New BSP charter gives space for RRR cuts
MANILA, Philippines — The lead economist of Ayala-led Bank of the Philippine Islands (BPI) said the amendments to the charter of the Bangko Sentral ng Pilipinas (BSP) give monetary authorities more room to slash the level of deposits banks are required to keep with the central bank.
BPI lead economist Jun Neri said cuts of more than two percentage points in the reserve requirement ratio (RRR) this year and even more are possible following the signing of the charter amendments.
President Duterte has signed into law Republic Act 11211, which amended RA 7653 or the New Central Bank Act.
The economist sees the BSP’s Monetary Board slashing the RRR during its rate-setting meeting on June 20.
“When prices and monetary conditions allow it, RRR reduction can be carried out more aggressively,” Neri said.
According to Neri, the BSP may slash the RRR by at least two percentage points or as much as four percent this year.
He said the central bank would prioritize structural reform measures that have a net-easing impact on liquidity once it is clear that the inflation target is within reach.
Other than a host of other medium and long term benefits, the RRR cuts would likely help temper the crowding-out effect of public sector deficit spending expected to continue this year.
“In particular, the liquidity expansion expected to result from the RRR cuts is anticipated to further ease the tightening of liquidity conditions in the domestic funds market seen since September,” he said earlier.
The BSP has reduced the RRR twice last year to 18 percent from 20 percent releasing around P190 billion in additional liquidity into the financial system.
The first reduction that took effect on March 2 last year injected P90 billion worth of fresh funds into the system followed by another 100 basis point cut on June 1, 2018 that poured around P100 billion in additional liquidity into the economy.
The new BSP Charter authorizes the increase in its capitalization to P200 billion from P50 billion. The increase will be sourced from dividends declared by the BSP in favor of the national government.
Under the new charter, BSP is also exempt from taxes on income derived from governmental functions, placing the central bank in a stronger position to pursue its price and financial stability mandate amidst a growing economy and the increasing sophistication of the financial system.

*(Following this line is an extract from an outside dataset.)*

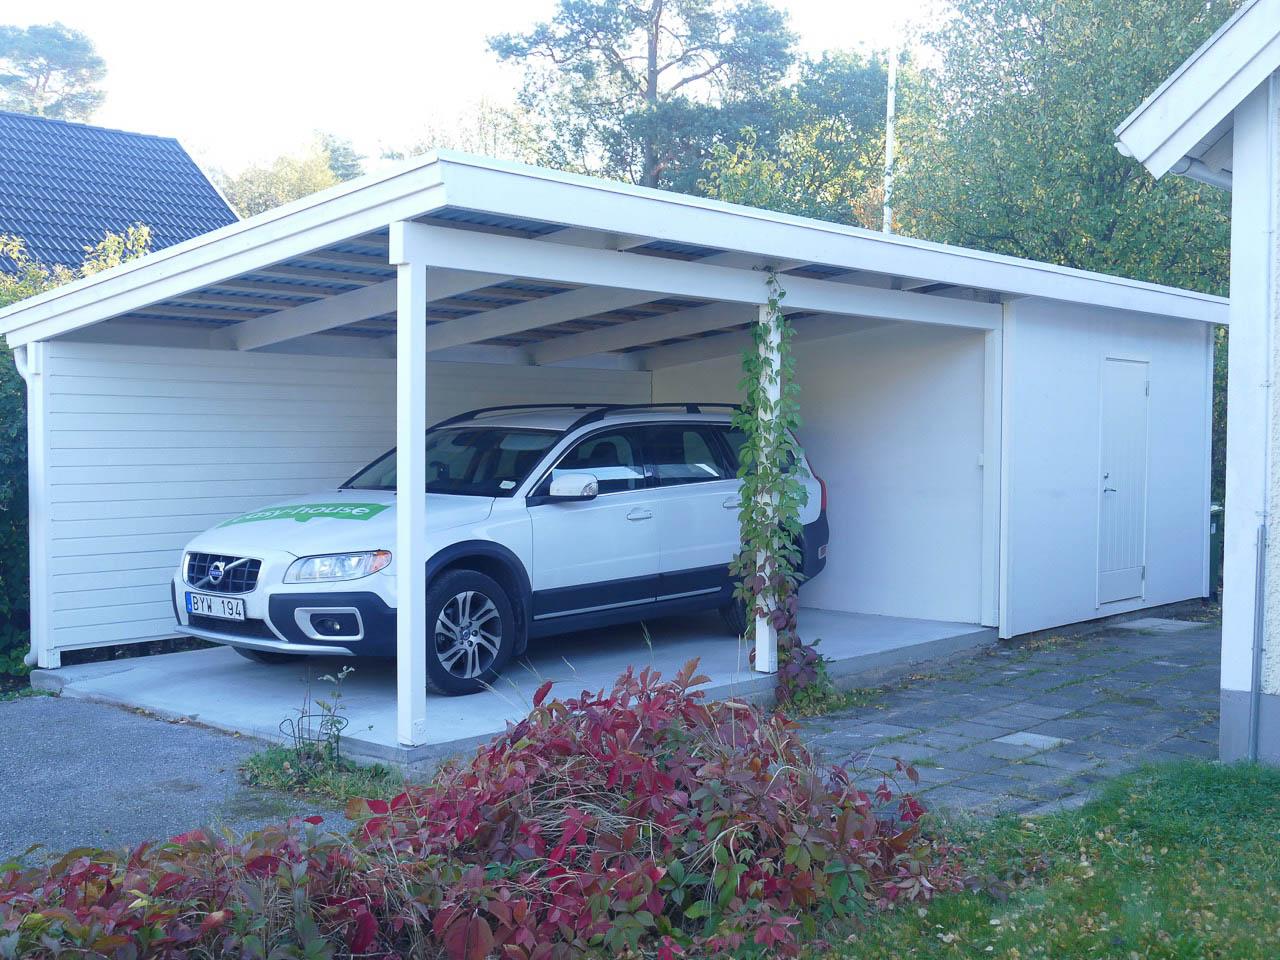 easy-house-specialhus--carport.jpg

“The amendments to the BSP Charter are both timely and attuned to a fast-evolving market landscape. We also recognize the efforts of central bankers who began spade work on this legislative initiative some 20 years ago. Under our new Charter, we will continue to build on the central bank’s rich institutional experience under BSP’s Continuity Plus-Plus program,” BSP Governor Nestor Espenilla Jr. said.
The new charter embodies a package of reforms to further align its operations with global best practices, improve the BSP’s corporate viability, and enhance its capacity for crafting proactive policies amid rising interlinkages in the financial markets and the broader economy.

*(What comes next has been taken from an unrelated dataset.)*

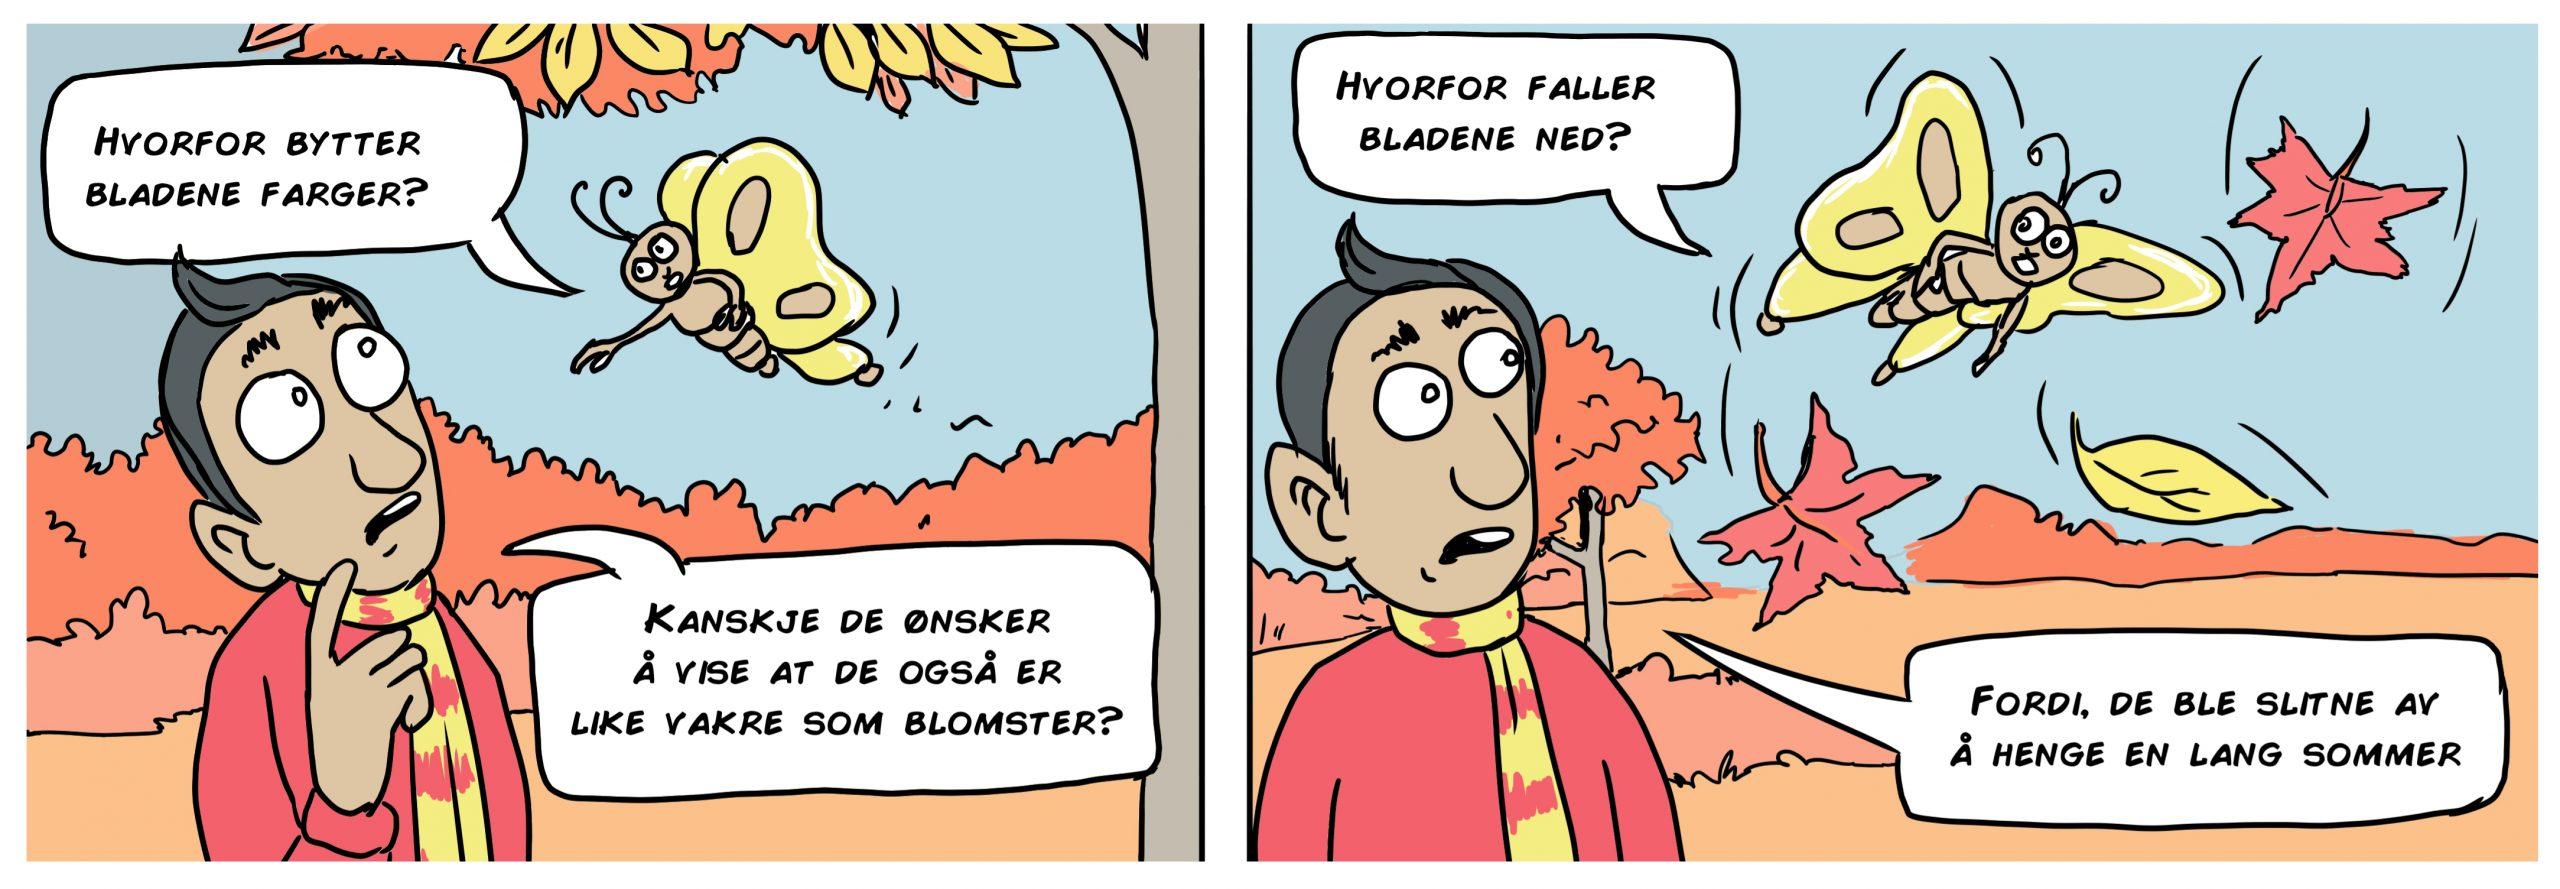 Autumn Høst

In line with current international trends, the law removes money supply and credit levels as basis for determining monetary policy. The focus on these indicators has declined among central banks over the years, as fostering price stability now considers a broader set of indicators.
It also restores the central bank’s authority to issue debt papers as part of its regular operation. This gives the BSP greater flexibility in determining the timing and size of its monetary operations.